╭─ Data segment
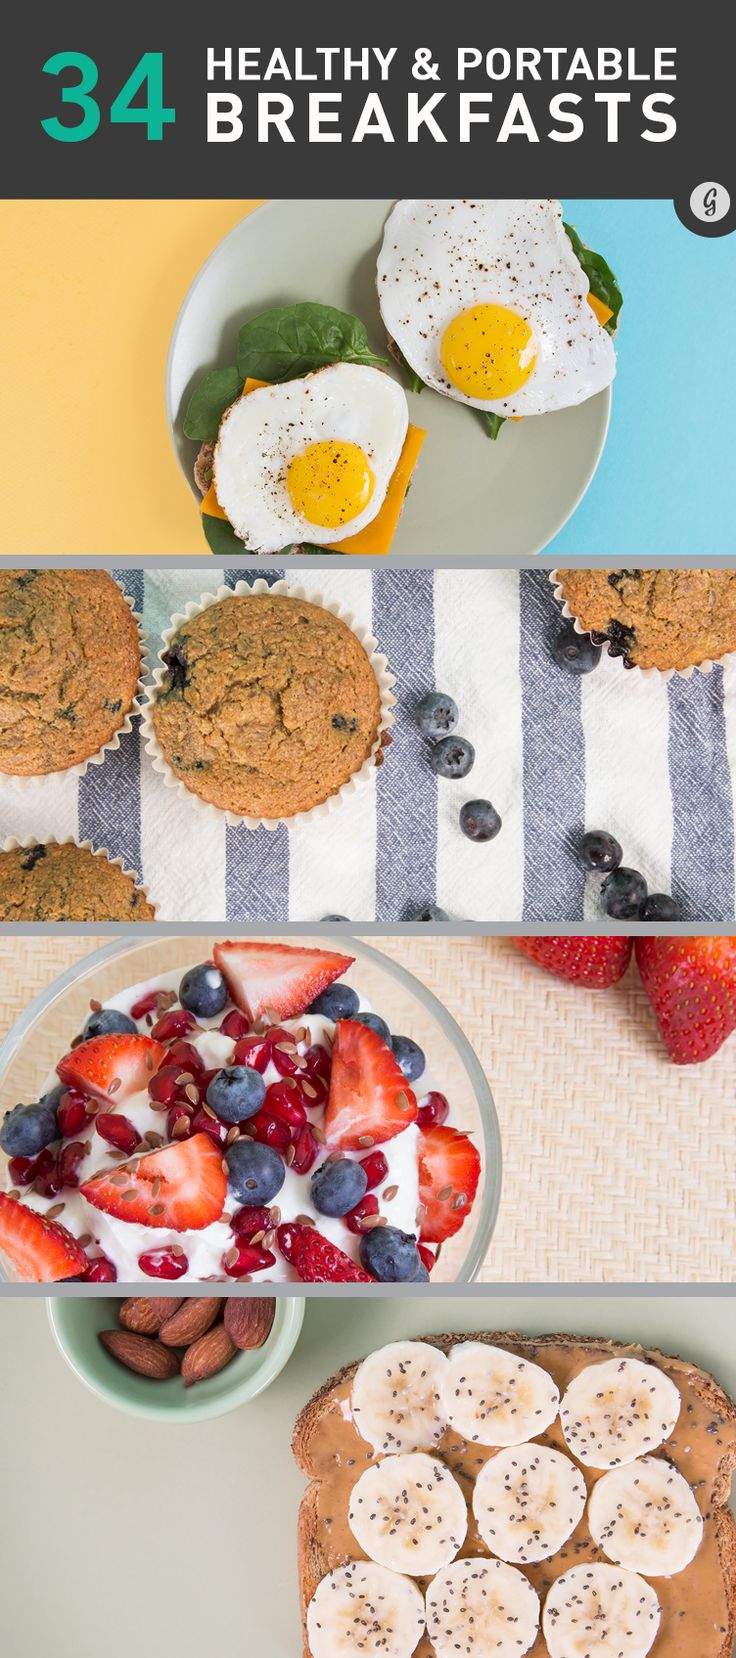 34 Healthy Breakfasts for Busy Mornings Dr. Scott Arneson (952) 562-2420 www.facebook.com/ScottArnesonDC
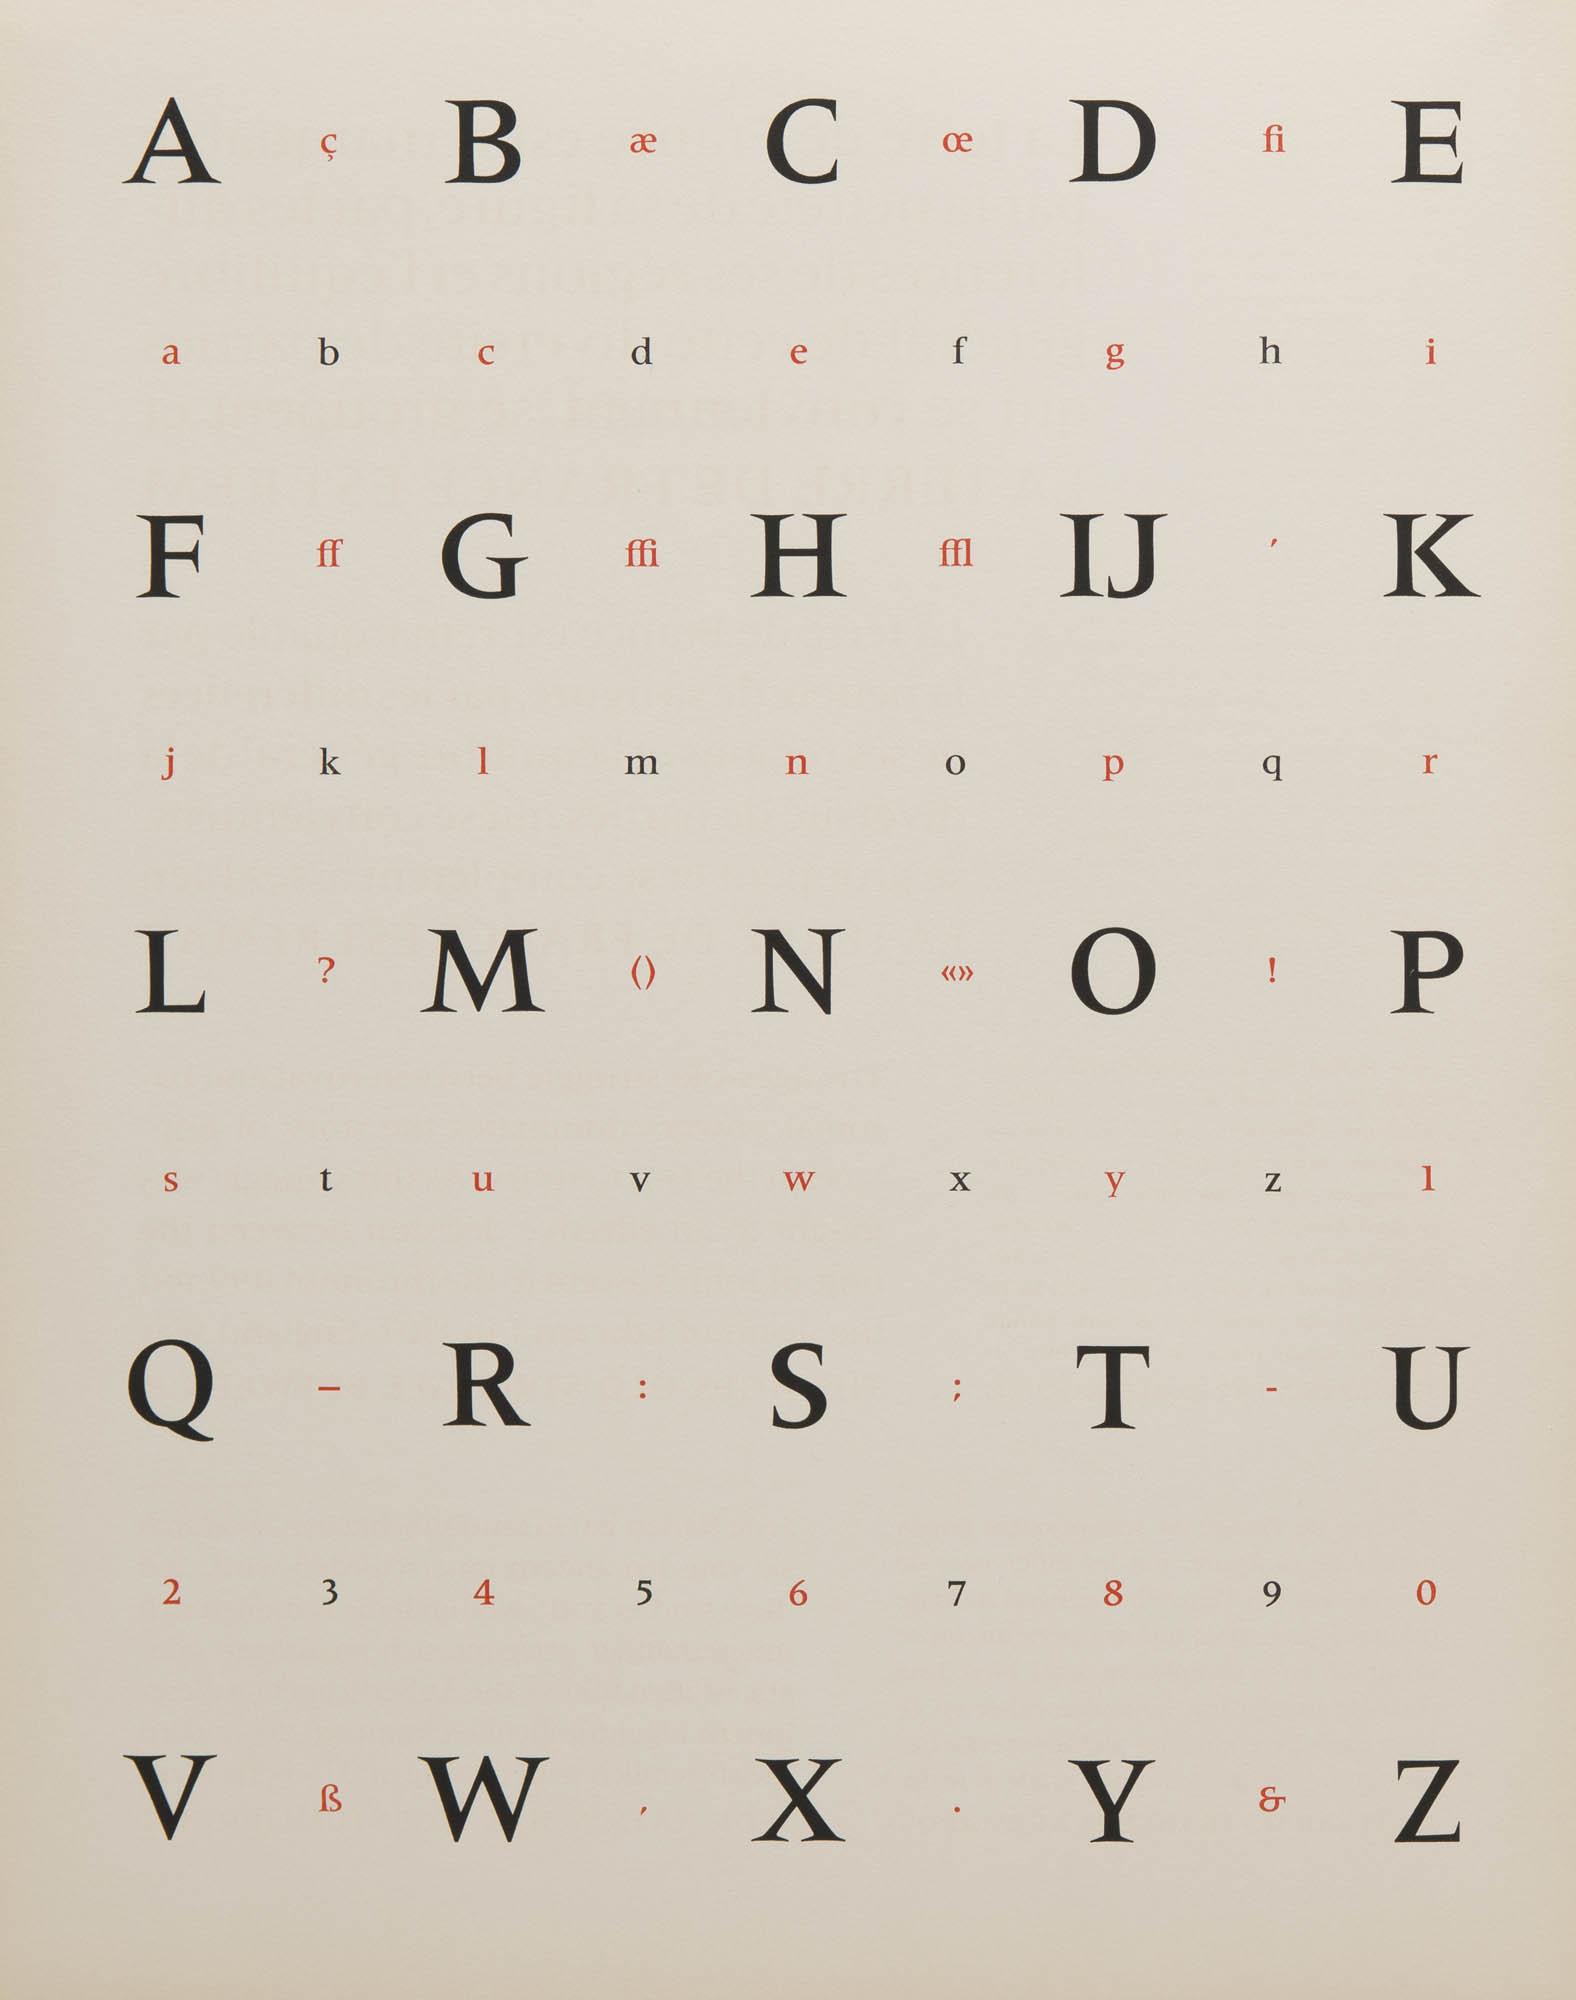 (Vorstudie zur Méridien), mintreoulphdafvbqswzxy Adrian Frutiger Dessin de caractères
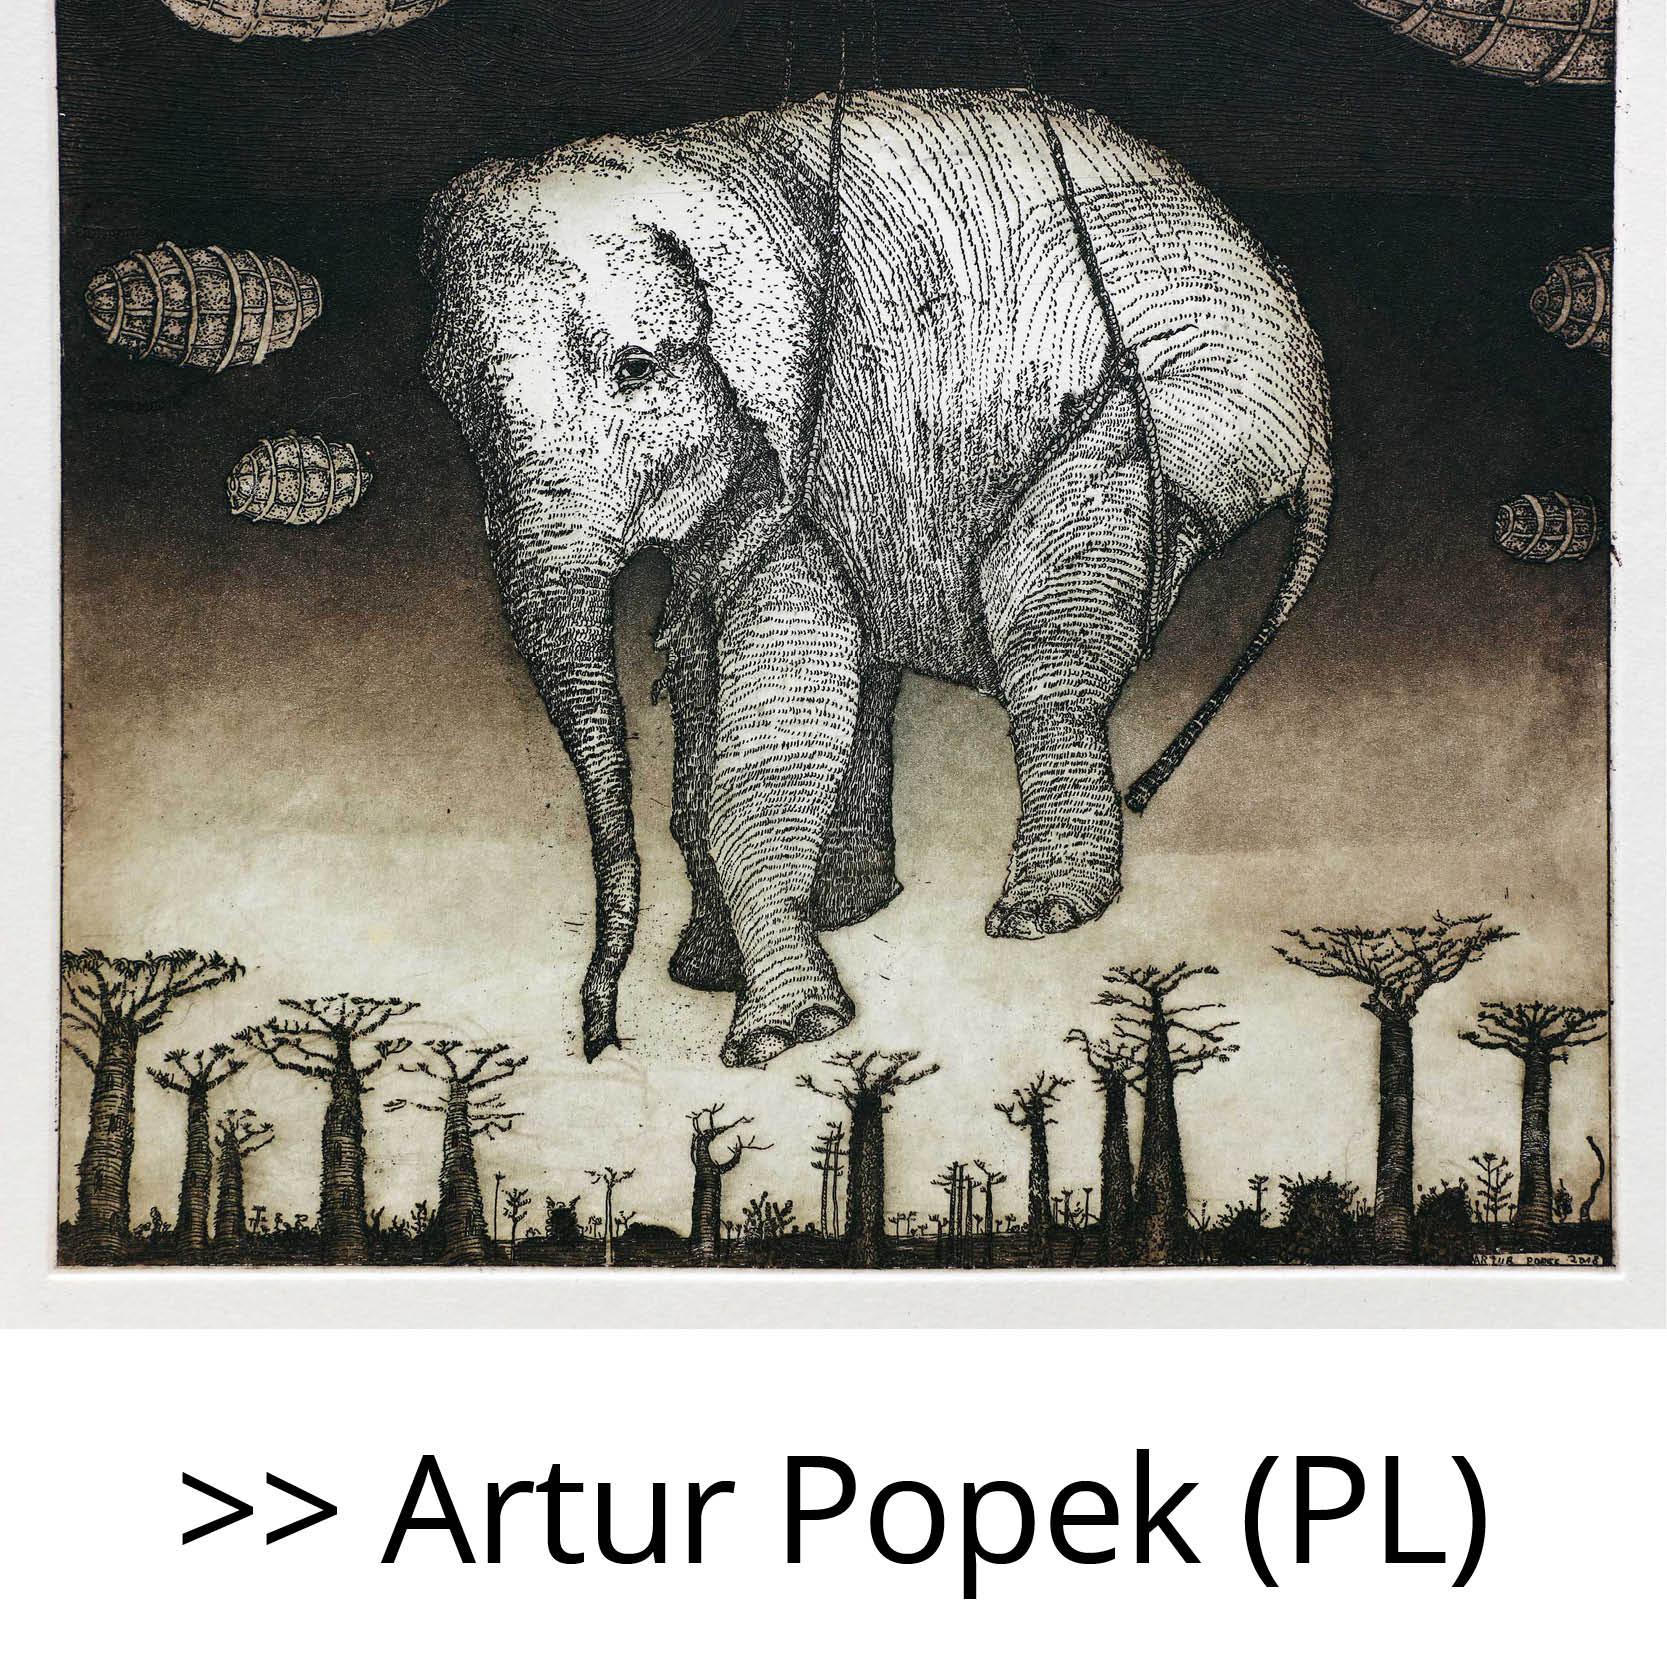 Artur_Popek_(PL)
╰─
Work order:
When you retype the listing above, keep each line exactly as written and drop the pictures.

Solution:
 34 Healthy Breakfasts for Busy Mornings Dr. Scott Arneson (952) 562-2420 www.facebook.com/ScottArnesonDC
 (Vorstudie zur Méridien), mintreoulphdafvbqswzxy Adrian Frutiger Dessin de caractères
 Artur_Popek_(PL)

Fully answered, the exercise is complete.